Children of Venezuela
Realizing Children’s Rights in Venezuela
Venezuela, also known as the Bolivarian Republic of Venezuela, is an example of progress and improvement in terms of Children’s Rights in South America. However, the situation remains difficult, and many problems must still be rectified.
Realization of Children’s Rights Index : 7,64 / 10
Population: 28 million
Life expectancy: 74,6 years
Main problems faced by children in Venezuela:
Almost 40% of the Venezuelan population live below the poverty line. Despite this, the country has succeeded in perceptibly reducing the poverty in a manner that is particularly commendable for a South American country.
The rights of many children are endangered as a result of this poverty, posing a very real threat to their well-being. Children living in isolated rural regions, as well as children of indigenous peoples, are the ones most affected by this problem.
In Venezuela, roughly one child in ten is uneducated.
This lack of education affects some children more than others; indigenous children, those descended from African families, and those who live in rural areas may encounter more difficulties in obtaining an education than others. In particular, they must overcome numerous administrative obstacles.
This type of commerce is extremely harmful for children who are sometimes subjected to the most senseless forms of sexual exploitation (e.g. pornographic films). It clearly flouts the principles of the Convention of the Rights of the Child (CRC).
Corporal punishment is widely accepted by the Venezuelan population. It is still practiced, specifically by parents who cannot imagine alternative means to punish, or reason with, their children. Corporal punishment can have serious physical and mental repercussions for children.
In addition, many children are victims of domestic violence and abuse.
Venezuelan police are not always protective of the children they encounter. In fact, when faced with children who are not always aware of their actions, the police officers often resort to violence or other inadequate means.
The Venezuelan justice system is also greatly suspect: torture, illegal execution and forced disappearances are commonplace. Not even minors are spared from the shocking conditions of detainees, often being subjected to inhuman and degrading treatment.
In this way, the police and judicial protection to which children are entitled are regularly overridden, going against the principles posed by the CRC.

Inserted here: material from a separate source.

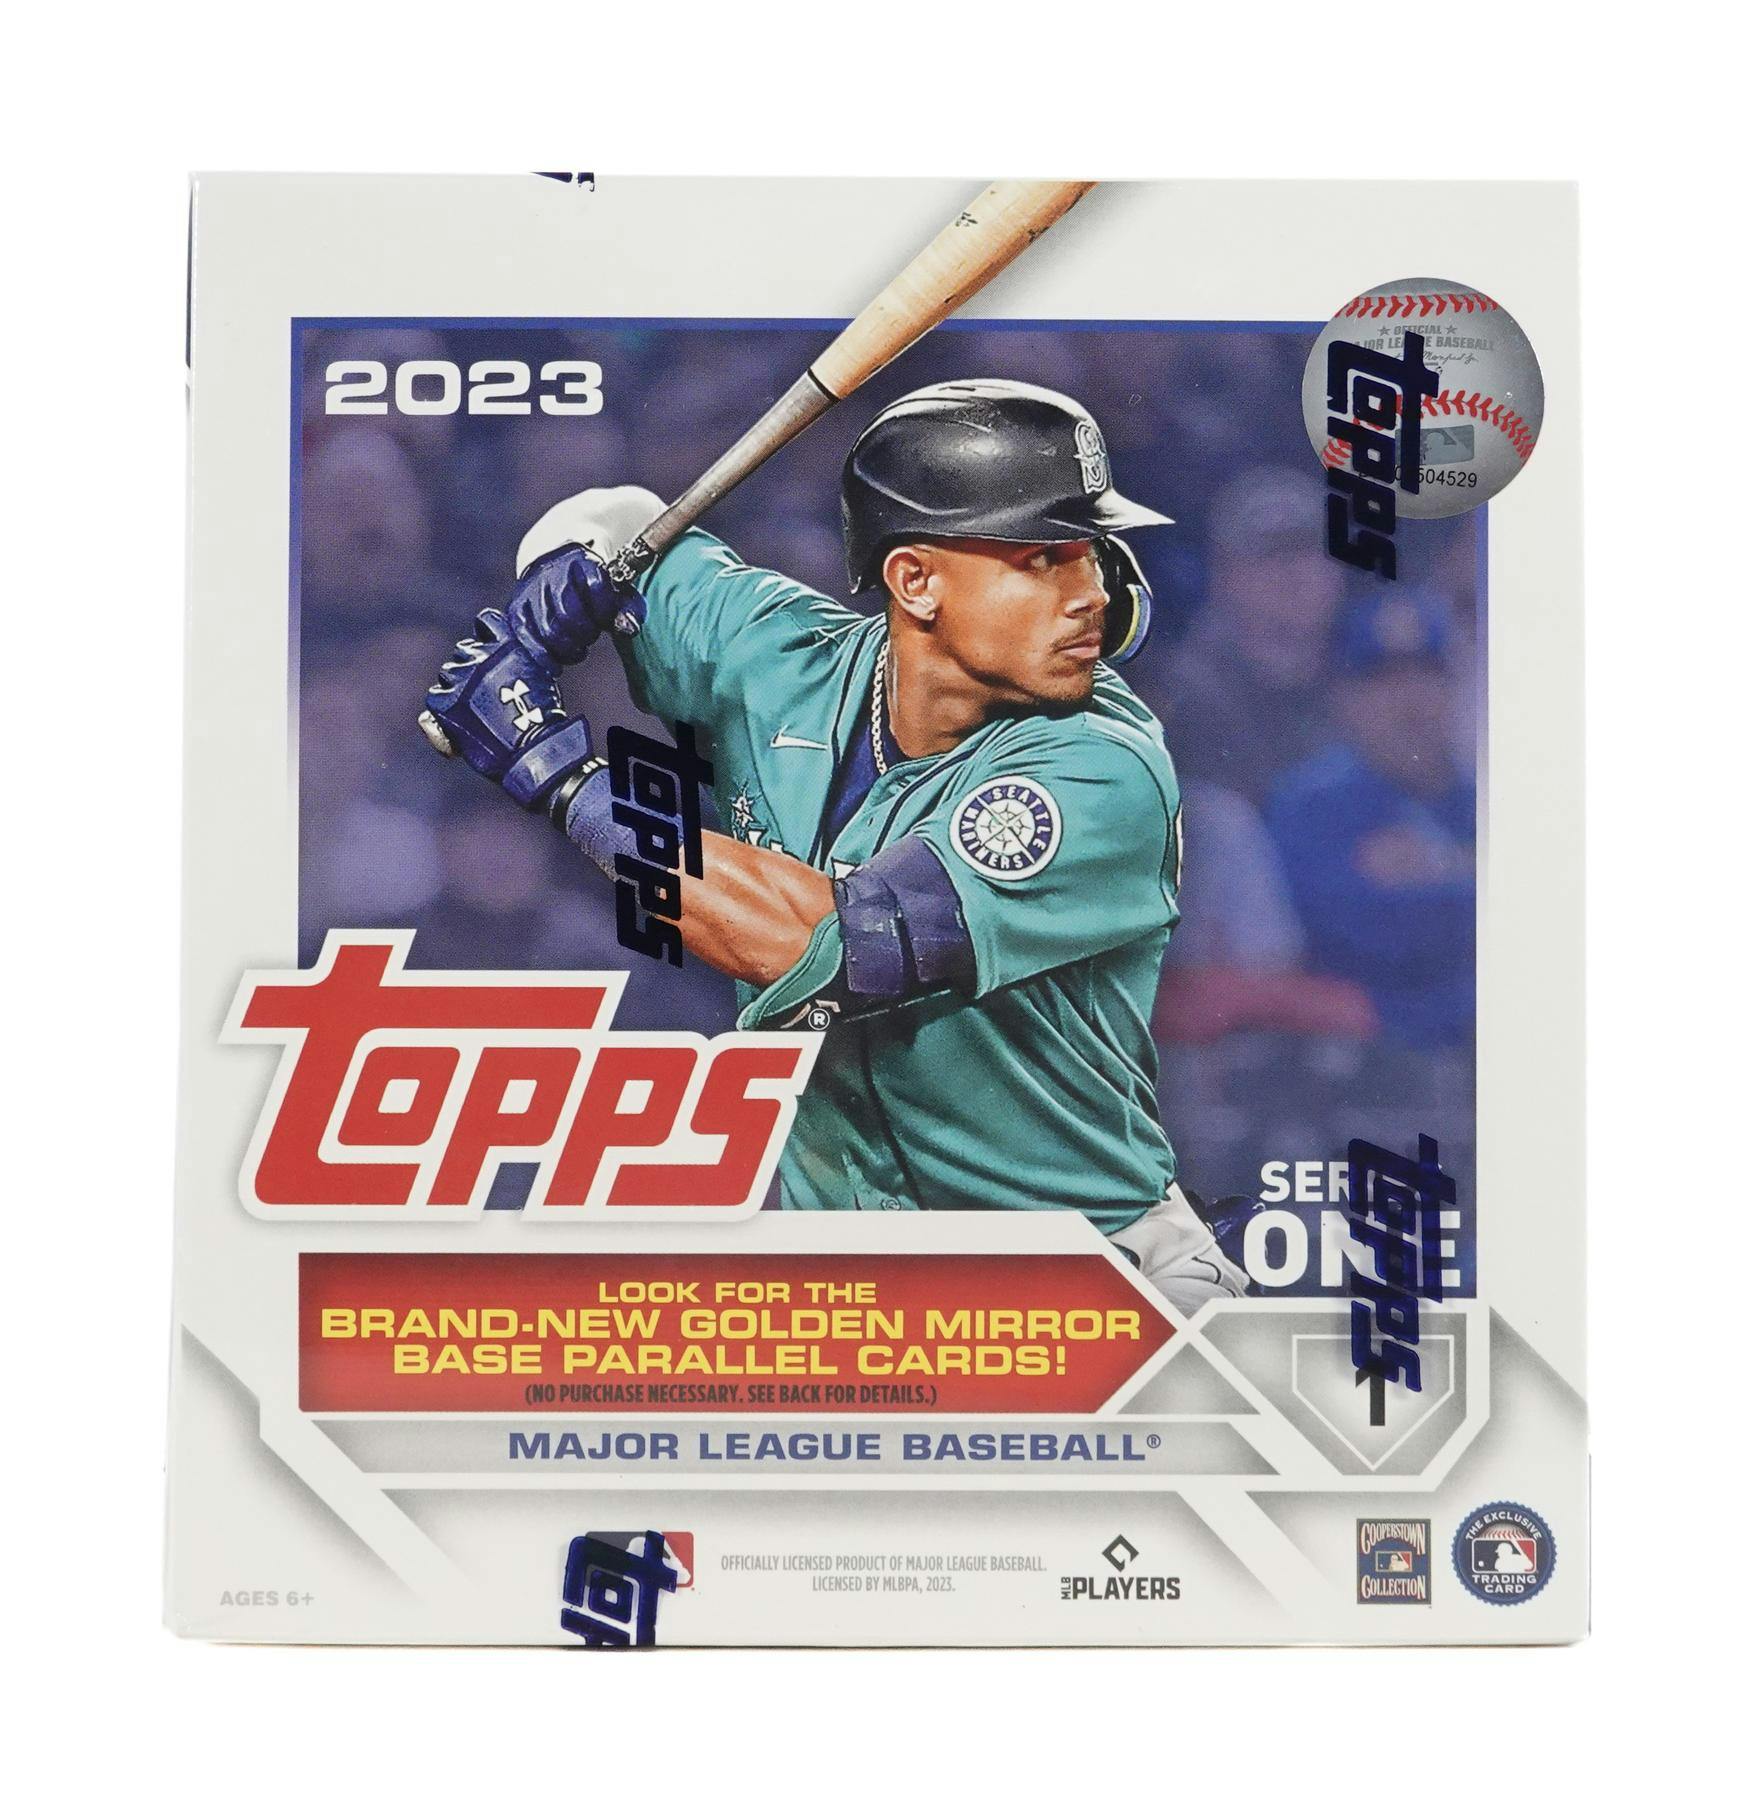 MLB rookies 2023: Which rookies will appear in 2023 baseball card
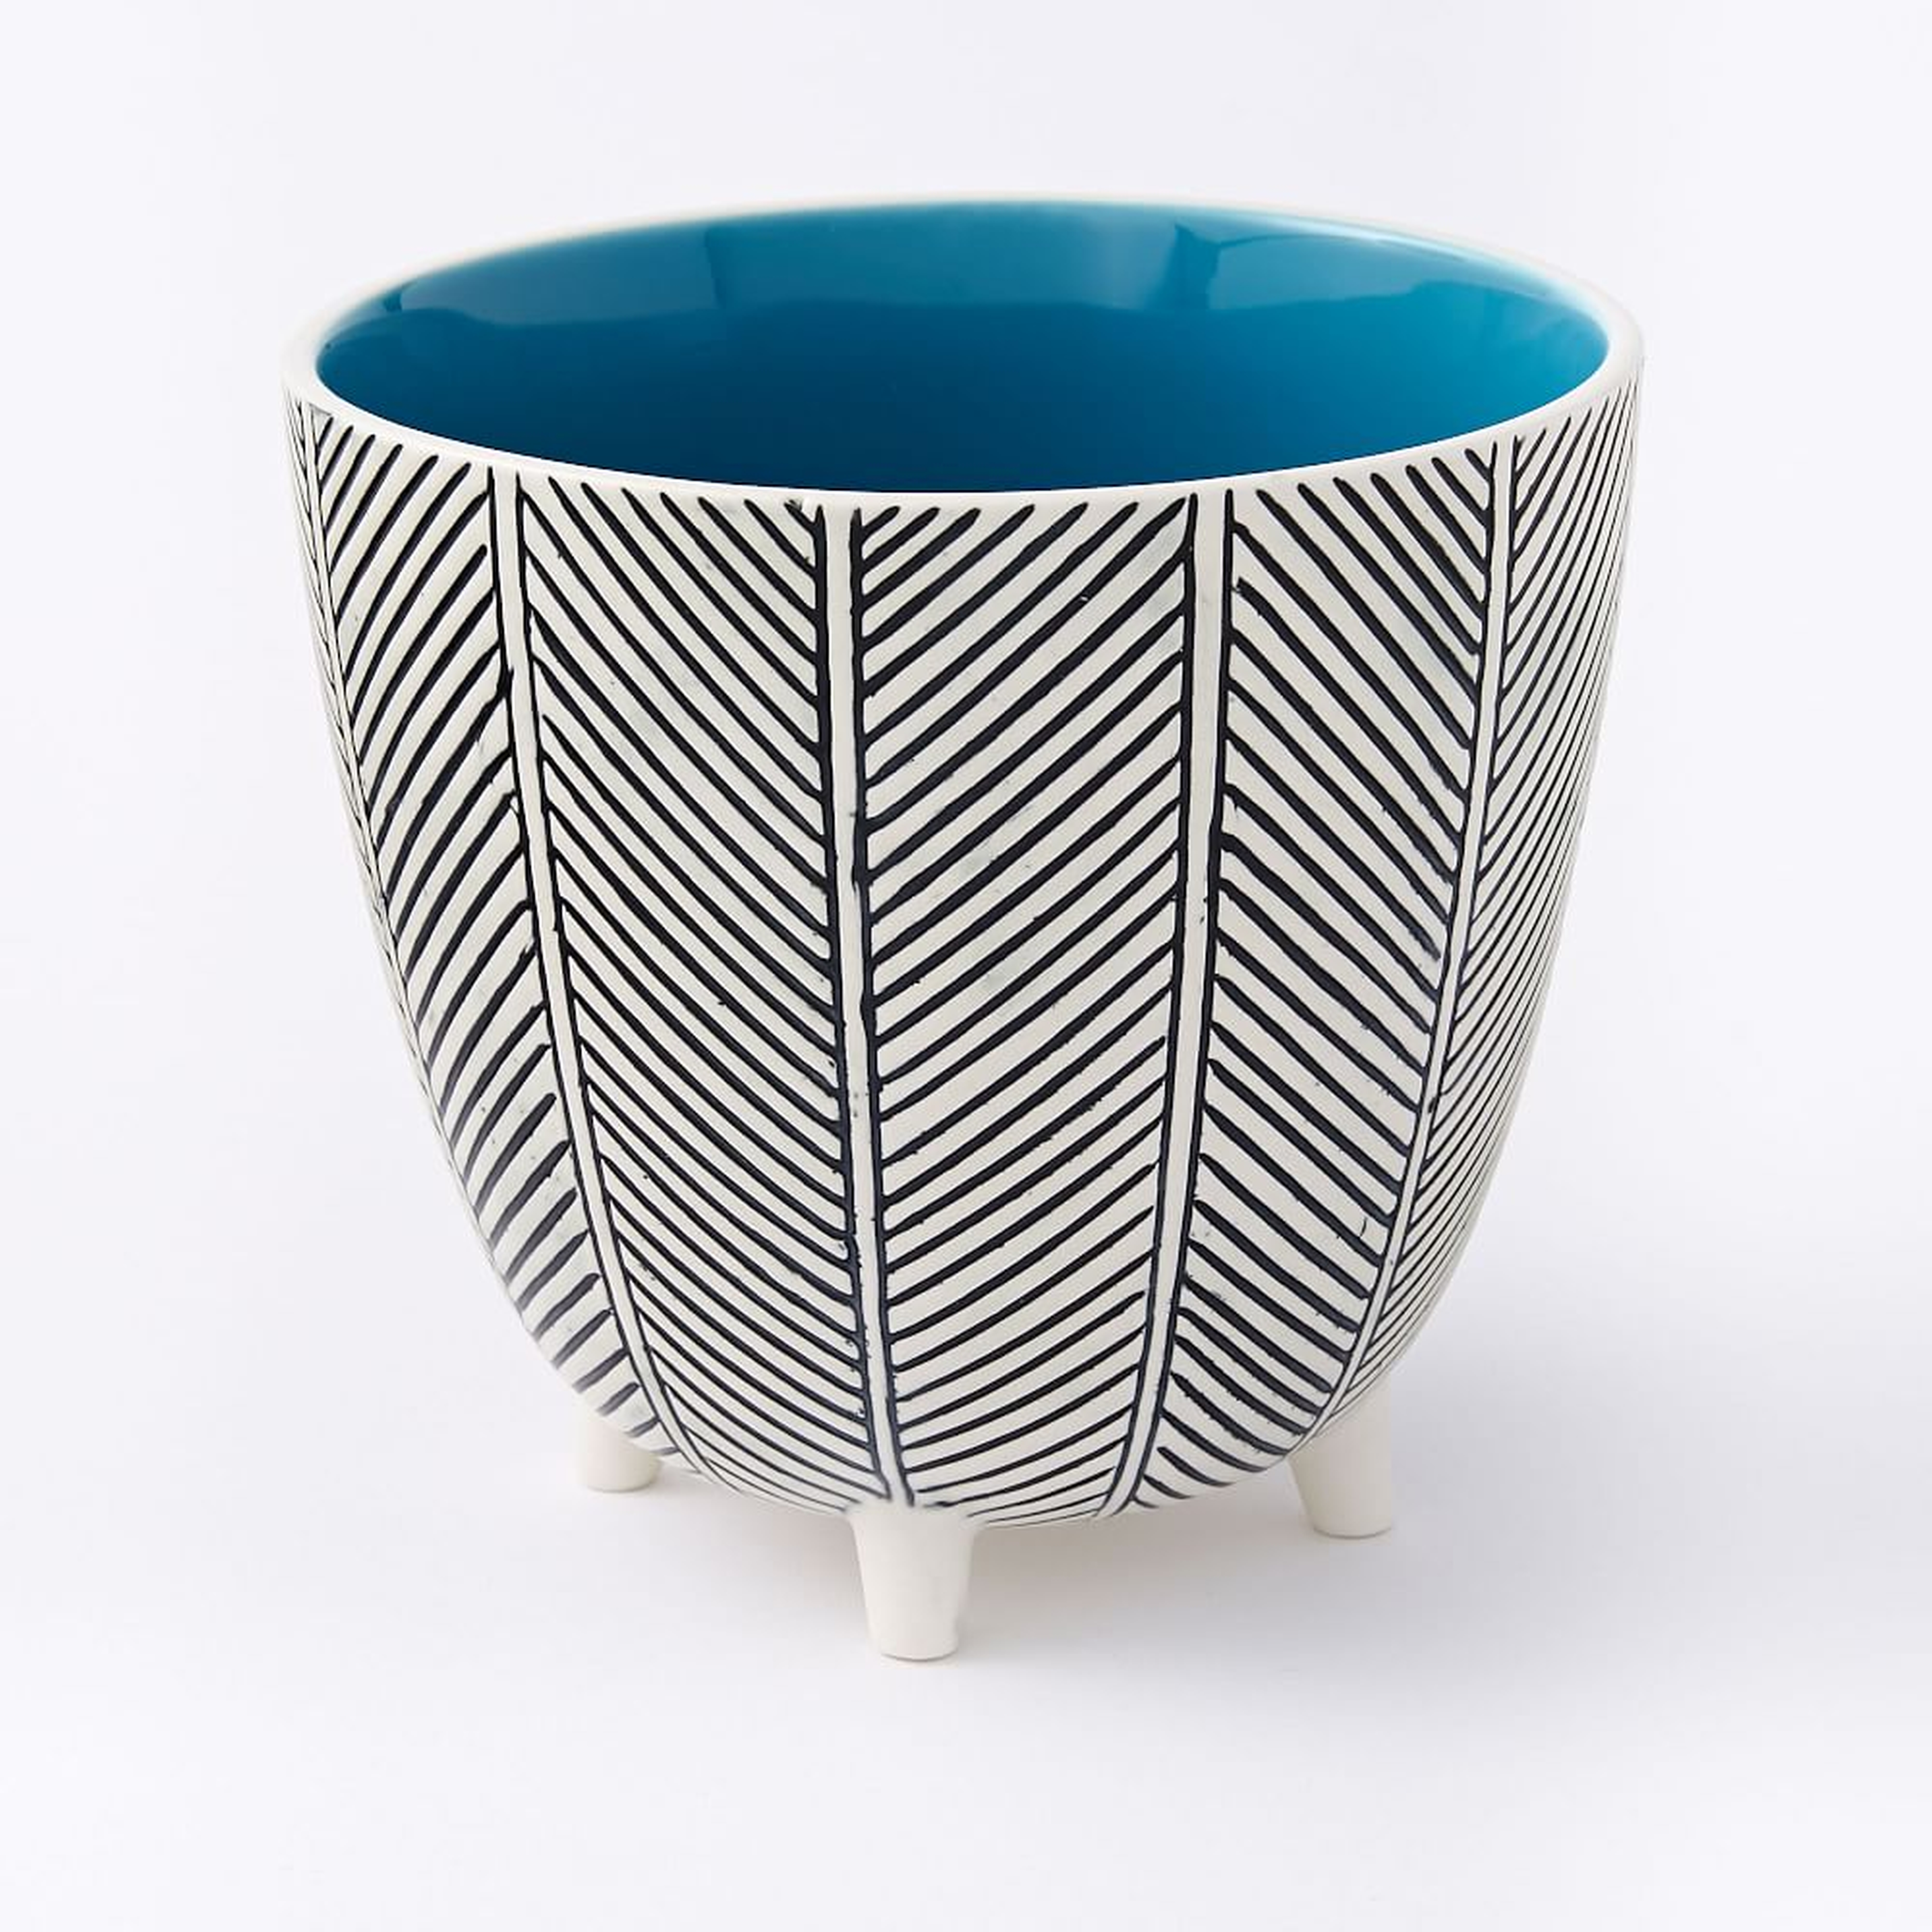 Art in the Forest Cachepot, Herringbone/Teal, 6" - West Elm

In Venezuela today there live people whose rights are violated and unrecognized, where children are unprotected and constantly threatened. These children are not treated in the same manner as others. They are victims of discrimination in essentially every fundamental right. It is particularly difficult for them to obtain access to aid, health services and education.
The treatment of these children by the State and by the rest of the population has grave consequences for their standard of living. The state of their health is extremely precarious, and it seems that with each violation of their rights they become increasingly vulnerable.